她终于看清了那个她一直不愿承认的真理:她不是超人。她的痛苦、她的挣扎、她的需求,是真实的,是值得被看见的,更是值得被自己认真对待的。无休止的自我牺牲和压抑,换不来真正的家庭幸福,只会耗尽自己,最终伤害所有人,包括她最爱的孩子。她需要改变,不是为了逃离责任,而是为了找回那个能够呼吸、能够感受、能够去爱的自己。为了乐乐,也为了她自己。
回家后,陈磊已经回来了,坐在沙发上,脸色有些讪讪的。他看到李薇红肿的双眼和异常沉默的样子,嘴唇动了动,最终什么也没说,只是起身去厨房倒了杯温水放在她面前的茶几上。
李薇没有看他,也没有碰那杯水。她把乐乐安顿好,然后径直走进卧室。她没有像往常一样立刻去收拾凌乱的房间或者清洗堆积的衣物。她走到衣柜前,拉开最底层的抽屉。那里面,压着一本厚厚的速写本,边角已经有些磨损,上面落了一层薄薄的灰。那是她大学时的宝贝,里面装满了她的设计草图、灵感涂鸦,还有对未来的无限憧憬。
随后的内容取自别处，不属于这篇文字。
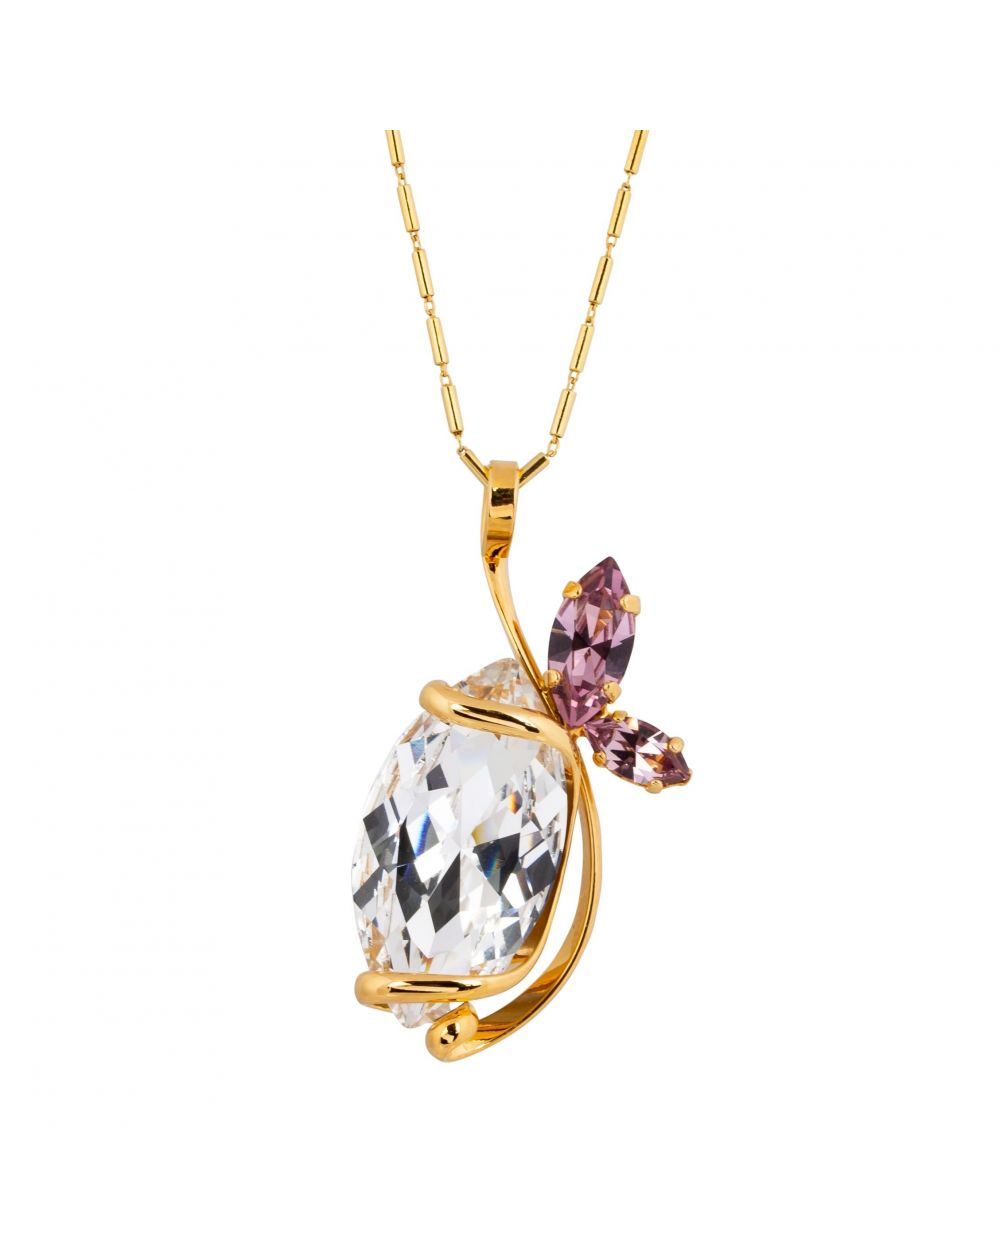 oval Swarovski mint crystal necklace

她坐在地板上,背靠着冰冷的床沿,翻开了第一页。纸张发出轻微的脆响。那些或流畅或稚嫩的线条、大胆的配色方案、充满奇思妙想的服装轮廓……像尘封的密码,瞬间唤醒了她沉睡已久的某一部分。指尖拂过那些线条,一种久违的、微弱的电流感,从指尖传到了心尖。那个曾经对美、对创造充满激情的李薇,并没有消失,她只是被生活的尘埃深深掩埋了。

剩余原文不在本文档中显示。